What is needed: Skip the pictures. Output only the lines below starting at the line with "Ex YU settings panel E2 beta4 fix 19-4-2013" and ending at the line with "hoco news hc3", both ends included, exactly as they are.

Provided material:
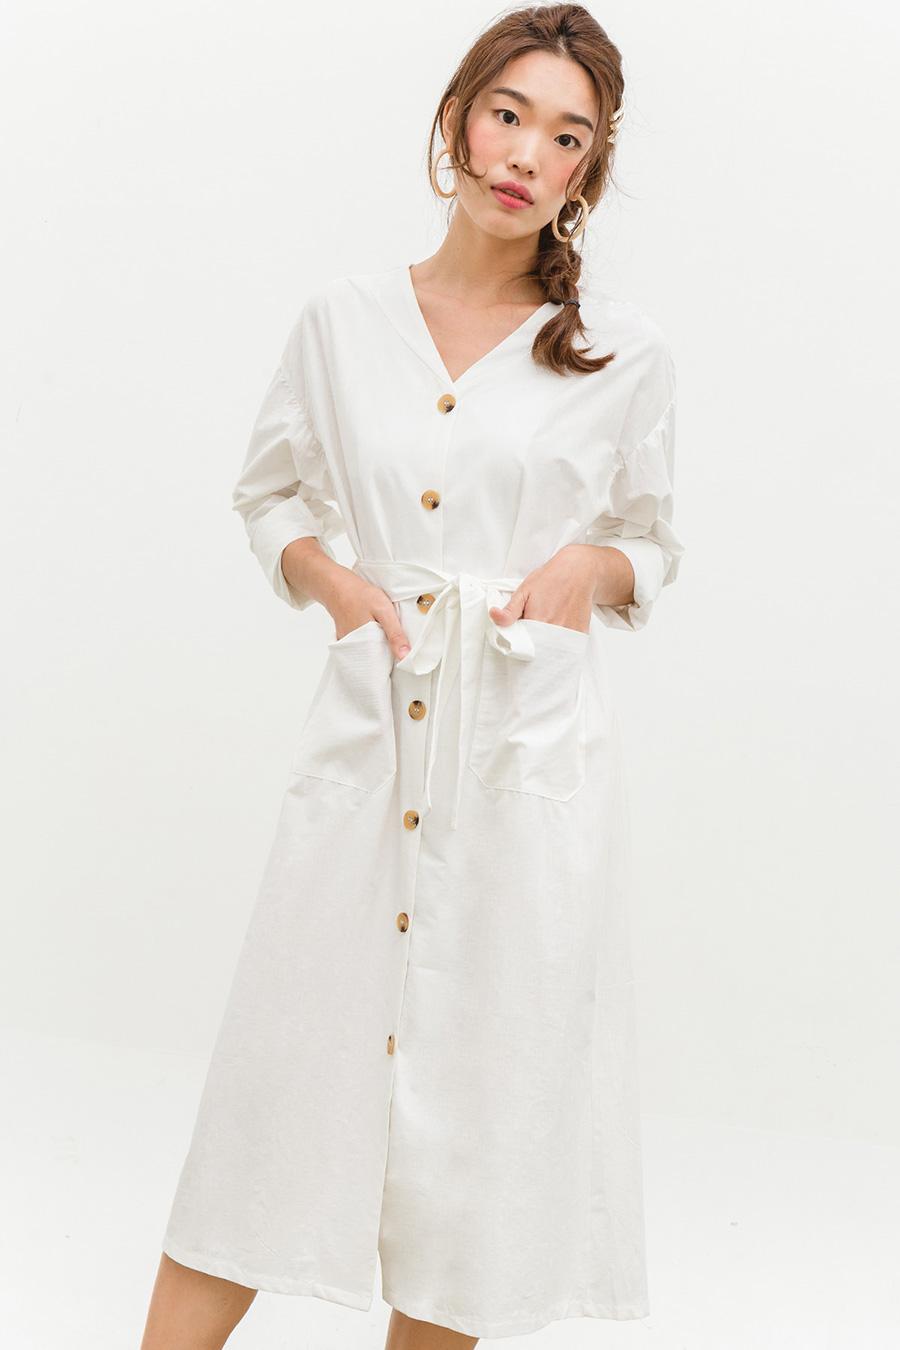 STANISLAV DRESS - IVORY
---
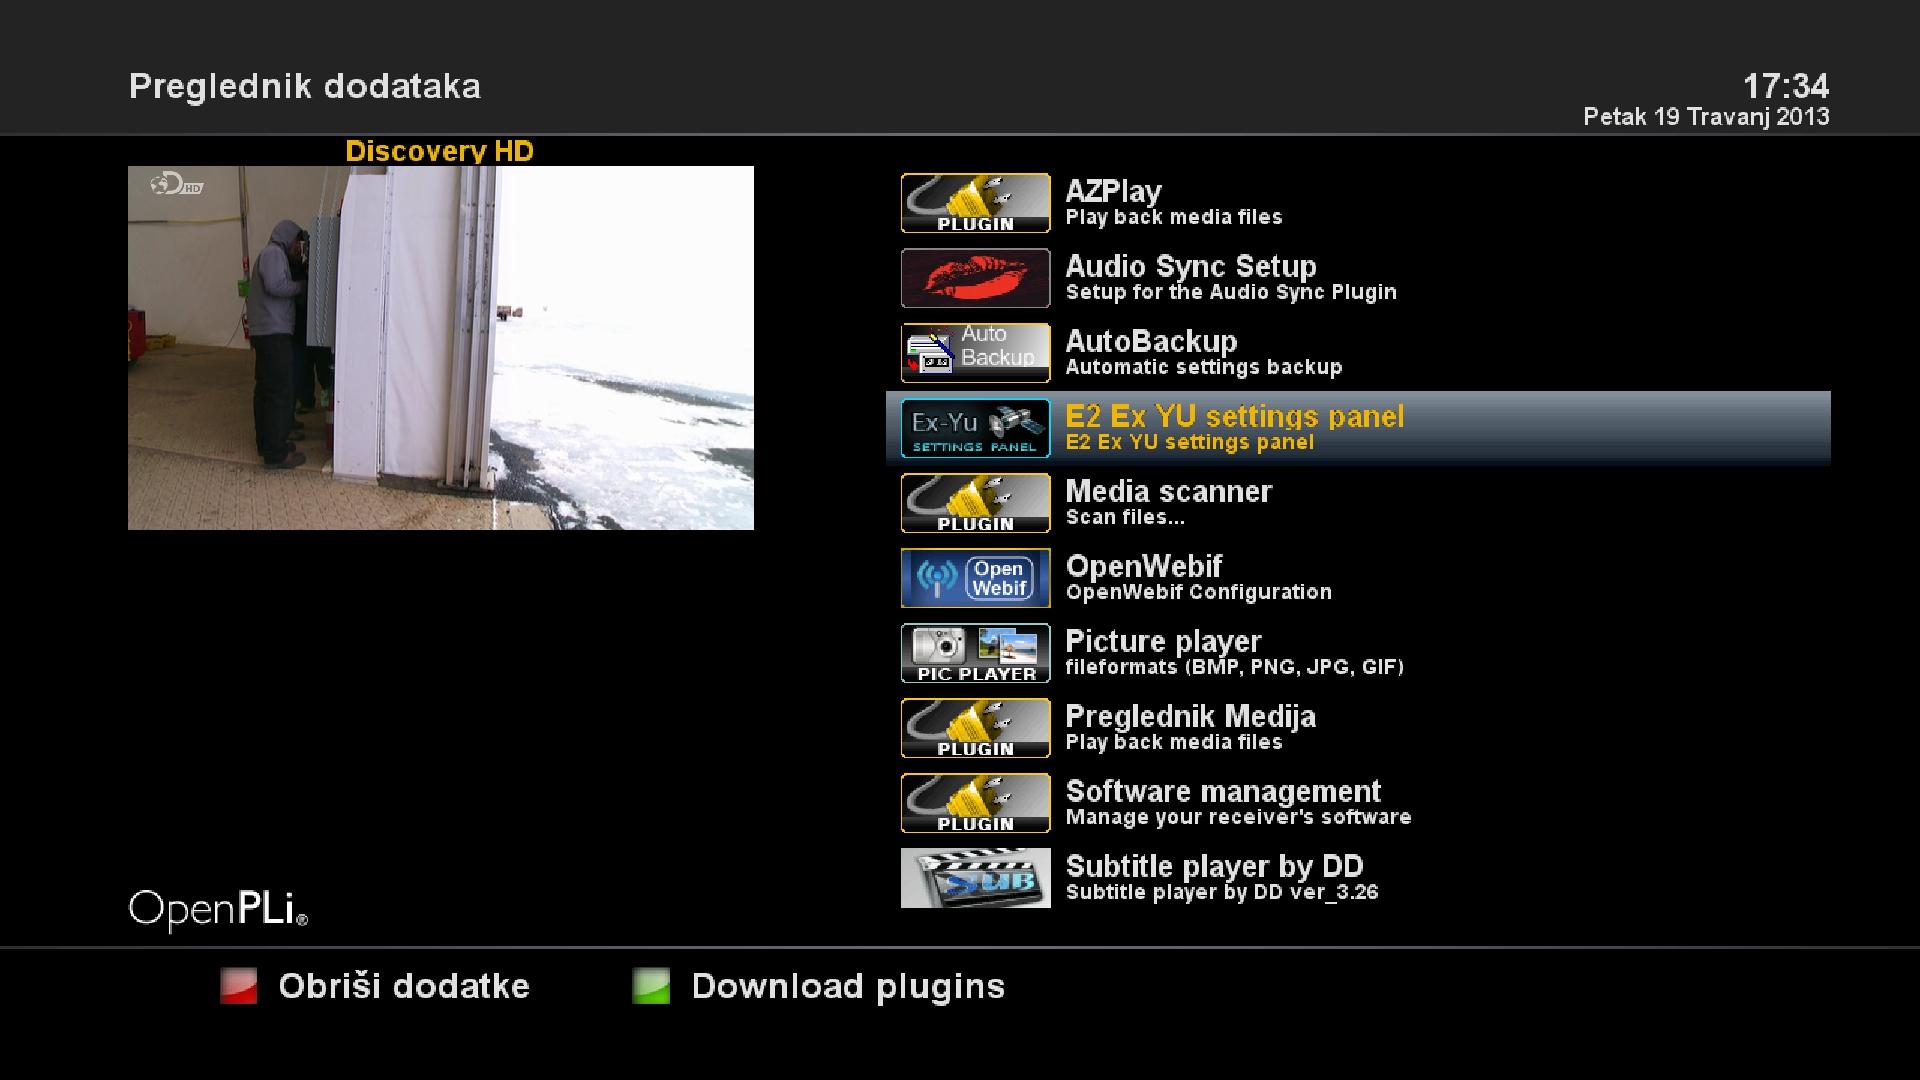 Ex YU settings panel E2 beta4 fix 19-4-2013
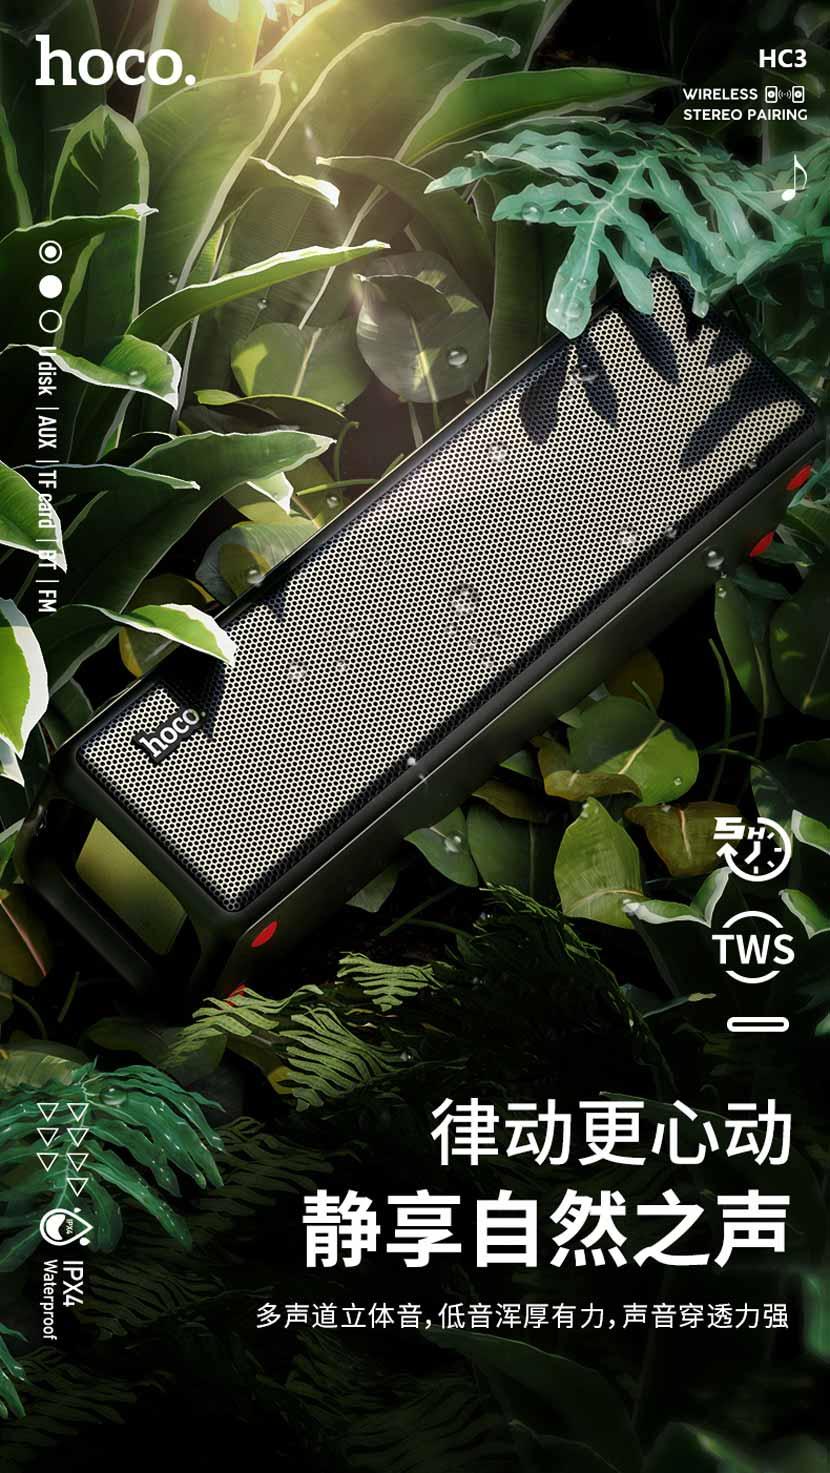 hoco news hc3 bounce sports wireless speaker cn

Output of the exercise:
 Ex YU settings panel E2 beta4 fix 19-4-2013
 hoco news hc3 bounce sports wireless speaker cn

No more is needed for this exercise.